Craig A. Berry wrote:
On May 3, 2009, at 9:20 PM, John E. Malmberg wrote:
John E. Malmberg wrote:
Perl_sv_upgrade(pTHX_ register SV *const sv, svtype new_type)
case SVt_PVMG:
...
new_body_inline(new_body, new_type);
new_type = SVt_PVMG,
SVt_PVMG has a value of 7.
new_body = 44.
PL_Body_roots[sv_type] = 44.
From the code, it looks like this was expected to contain a valid
pointer.
From looking at the source code, it appears that the linked list of
bodies is corrupted. my_perl->Ibodyroots[7] has 44.
Yes, I see the same thing.
I have been looking at the S_more_bodies routine. Would it be
practical to put an assert on for a pointer being added to the linked
list with a value above 512? On VMS, the first page of memory is
protected no access.
I haven't had much time to poke at this, but I think an assert there
would only help if the body is created with a bogus pointer in the
SVt_PVMG slot rather than created with a good pointer that gets
clobbered later, and I think the second explanation is more likely.
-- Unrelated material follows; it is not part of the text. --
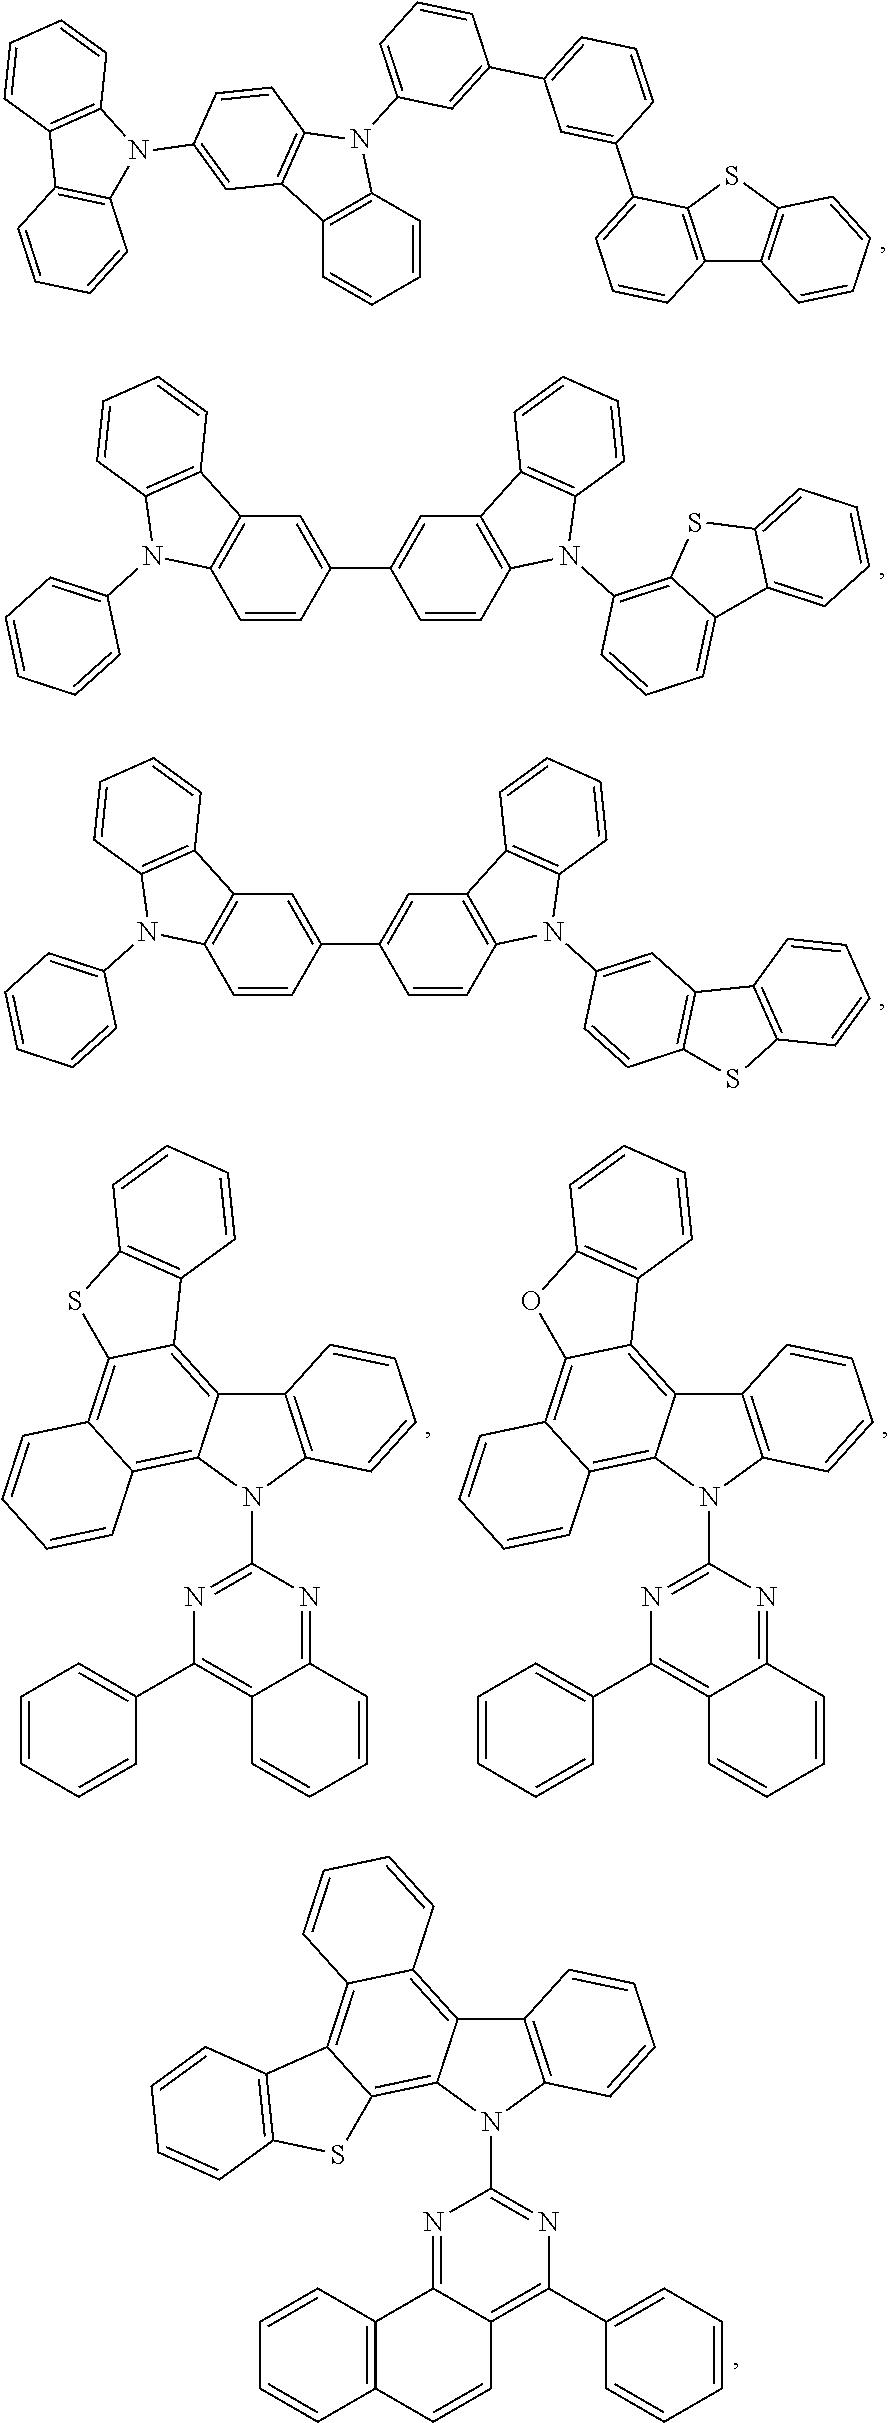 Figure US20190161504A1-20190530-C00015
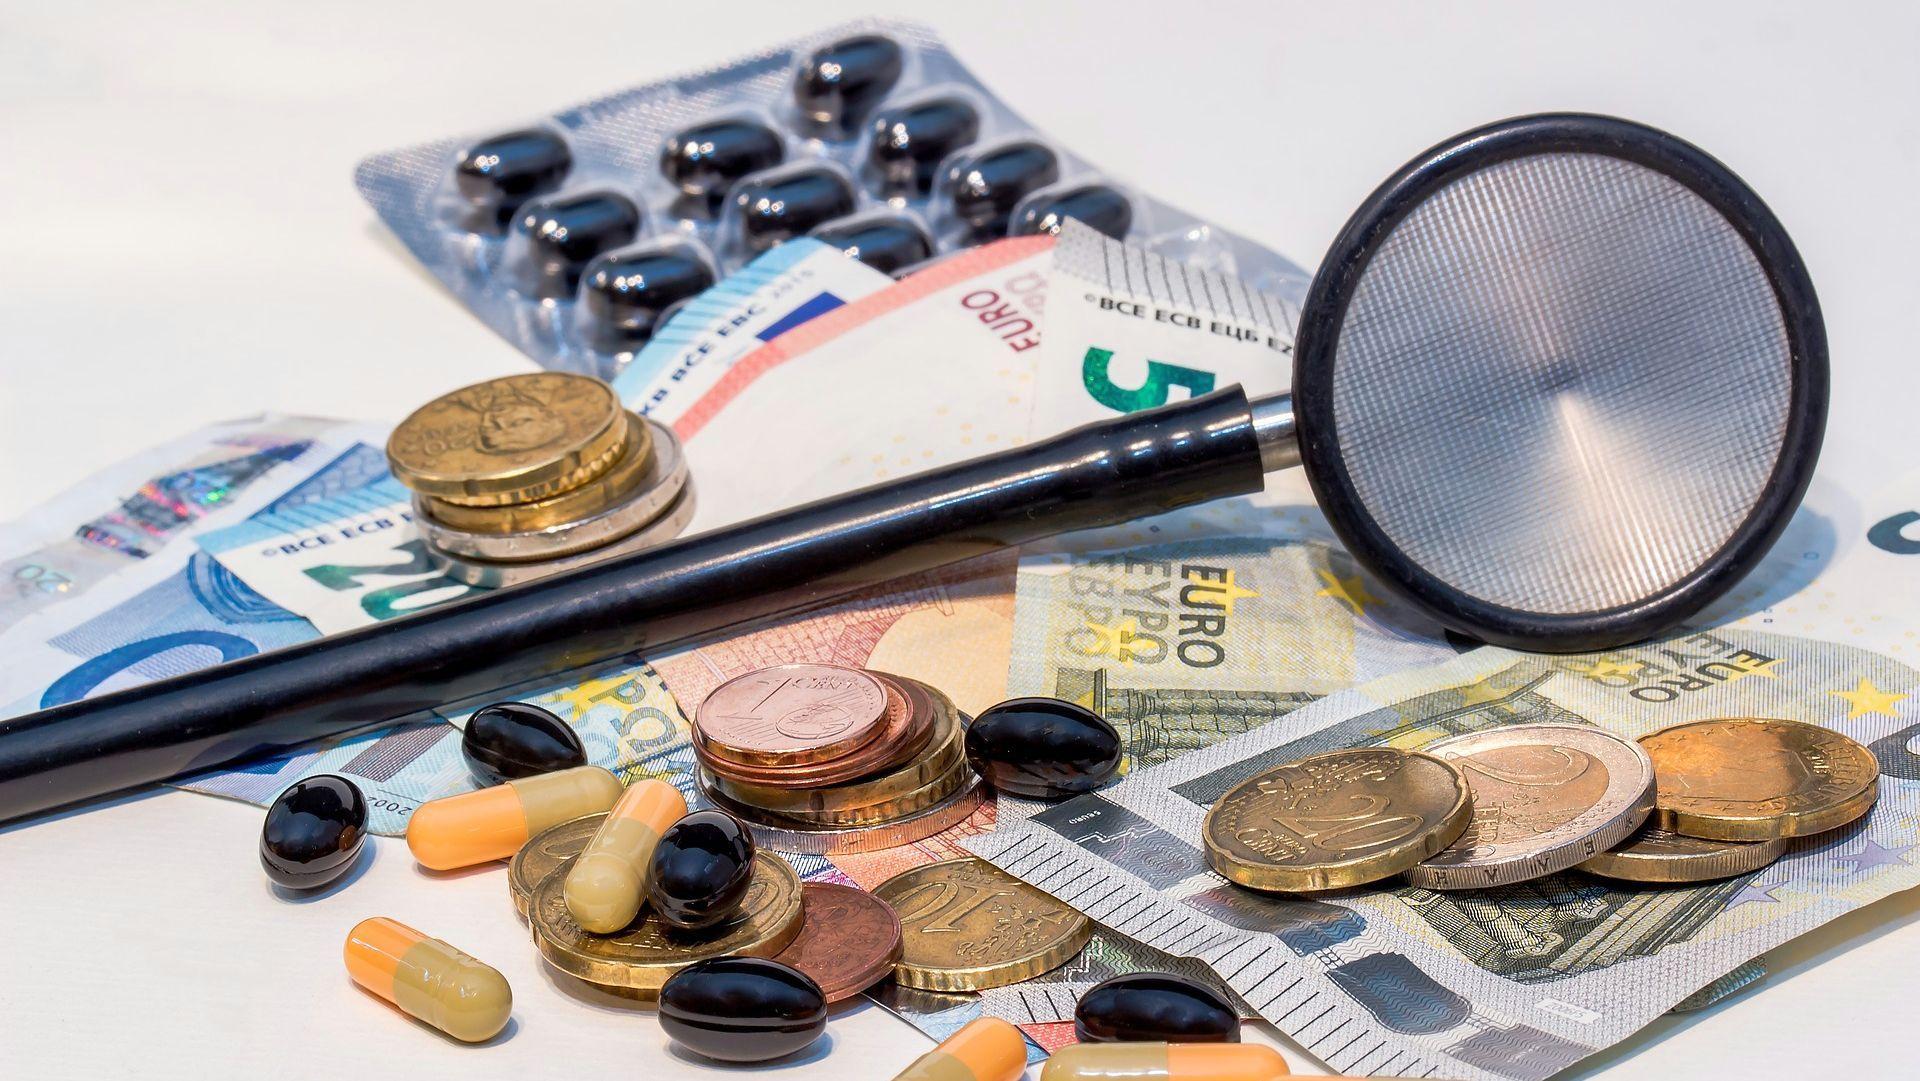 In de VS functioneren zo'n 1.000 Accountable Care Organizations. Ze worden betaald via populatie gebonden budgetten en financiële prikkels voor geleverde kwaliteit.

I
merely observe (without yet a chance fully to pursue) that 44 is a
suspicious number on a couple of different fronts.
Running with -Dm shows that various 44-byte chunks of memory get
allocated, including arenas that are multiples of 44 in size, so if
there is a legitimate size of 44 that is added to something that should
be a good value but is actually NULL, that might be one explanation for
where the bad smell is coming from.
44 / 0x2c is the value of SS$_ABORT, which is the return value of the
system() call in IPC::Cmd::_run, which is called somewhere in the chain
following from CPANPLUS::Dist::_resolve_prereqs.[1] If there is
something inappropriate going on with a vmsish pragma and the return
value of the system() call, that's another place where something could
go wrong, but also as yet another wacky theory that I haven't been able
to prove.
The only way that I can see that being an issue is if the return value
is ever stored in malloc()ed memory, and then either a buffer overrun of
that storage, or that memory gets freed before the status value is written.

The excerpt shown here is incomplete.